A practical guide to finding qualified buyers for your business — from PE firms and family offices to strategic acquirers and management buyouts.

Deal Flow Editorial TeamJanuary 15, 20267 min

Finding the right buyer for your business is not about finding any buyer — it is about finding the buyer who will pay the most, close reliably, and treat your business and employees well post-close. These three criteria rarely align perfectly, and the process of finding the right buyer requires a systematic approach.

This guide covers seven proven strategies for finding qualified buyers, with specific guidance on which strategies work best for different types of businesses.

The Buyer Landscape: Who Is Buying Lower Middle Market Businesses?

Before you can find buyers, you need to understand who is actively acquiring businesses in your size range. The lower middle market — businesses with $1M-$10M in EBITDA — is served by several distinct buyer types:

Private equity firms are the most active buyers in the lower middle market. PE firms raise capital from institutional investors (pension funds, endowments, family offices) and deploy it by acquiring businesses, improving them, and selling them 3-7 years later. PE firms typically:

  • Acquire businesses at 4-8x EBITDA
  • Use leverage (debt) to finance a portion of the purchase price
  • Expect management to stay and run the business post-close
  • Have a specific investment thesis (platform acquisition, add-on to existing portfolio company)
  • Have a defined investment period (3-7 years) and exit expectation

Family offices are private investment vehicles for ultra-high-net-worth families. They are increasingly active in the lower middle market because they can move faster than PE firms, have longer investment horizons, and don't have the pressure to exit within a defined period. Family offices typically:

  • Prefer businesses they can hold indefinitely
  • Are less reliant on leverage than PE firms
  • Value cultural fit and management continuity
  • Are willing to pay fair prices for the right business
  • Are harder to find because they are less visible than PE firms

Holding companies are businesses that acquire and hold other businesses indefinitely. They are similar to family offices but are typically structured as operating companies rather than investment vehicles. Holding companies include:

  • Berkshire Hathaway-style conglomerates
  • Search funds (entrepreneurs who raise capital to acquire a single business)
  • Independent sponsors (deal-by-deal PE investors without a committed fund)
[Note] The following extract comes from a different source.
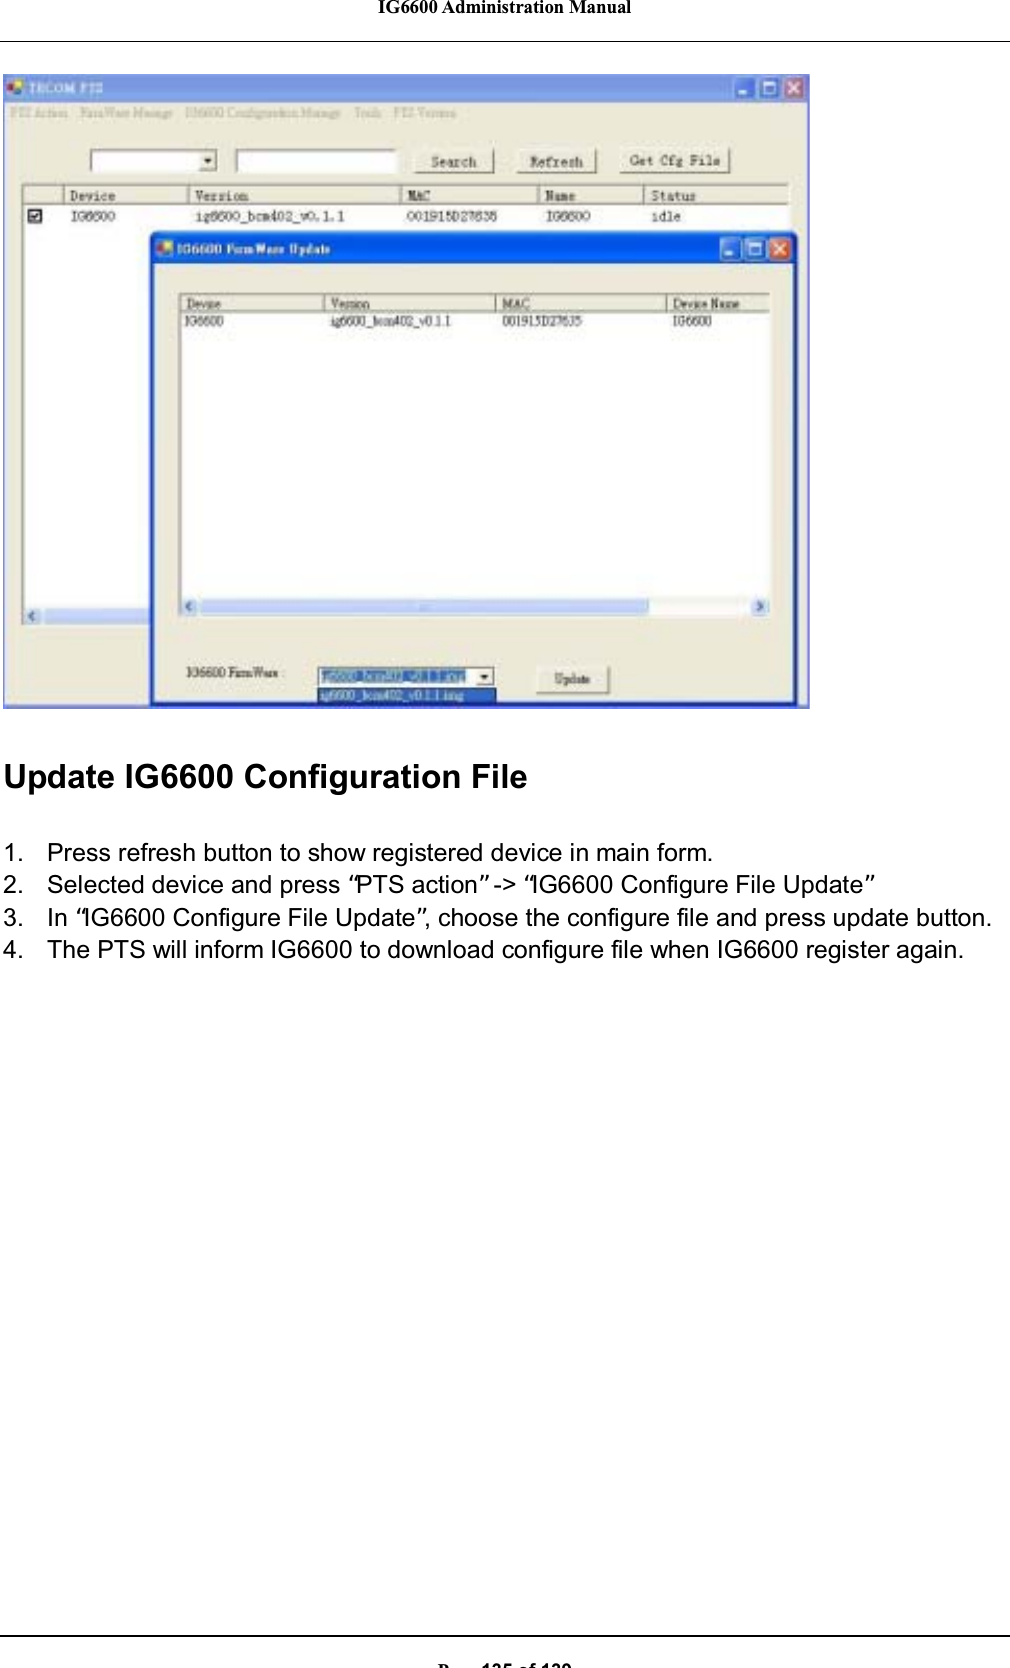 IG6600 Administration ManualP135of139Update IG6600 Configuration File1. Press refresh button to show registered device in main form.2. Selected device and press “PTS action”-&gt; “IG6600 Configure File Update”3. In “IG6600 Configure File Update”, choose the configure file and press update button.4. The PTS will inform IG6600 to download configure file when IG6600 register again.

Strategic buyers are companies that acquire businesses to add capabilities, customers, or market share. Strategic buyers typically:

  • Pay higher prices than financial buyers because they can realize synergies
  • Want to integrate the acquisition into their existing operations
  • May not want the seller to stay post-close
  • Move more slowly than financial buyers (internal approval processes)
  • Are the highest-risk buyers from a confidentiality perspective

Management buyouts (MBOs) occur when the existing management team acquires the business from the owner. MBOs are common when:

  • The owner wants to sell to the people who built the business
  • The management team has the capital (or can raise it) to buy the business
  • The owner is willing to provide seller financing

Strategy 1: Work With a Deal Flow Platform

The most efficient way to access qualified institutional buyers is through a deal flow platform. Unlike traditional brokers, deal flow platforms:

  • Maintain curated networks of pre-qualified buyers (PE firms, family offices, holding companies)
  • Manage the confidential outreach process on your behalf
  • Qualify buyers before they receive your information
  • Facilitate introductions without the cost of a traditional broker commission

Deal Flow's network includes 200+ qualified buyers who are actively looking for businesses in the lower middle market. The platform manages the entire outreach process confidentially — protecting your employees, customers, and competitive position.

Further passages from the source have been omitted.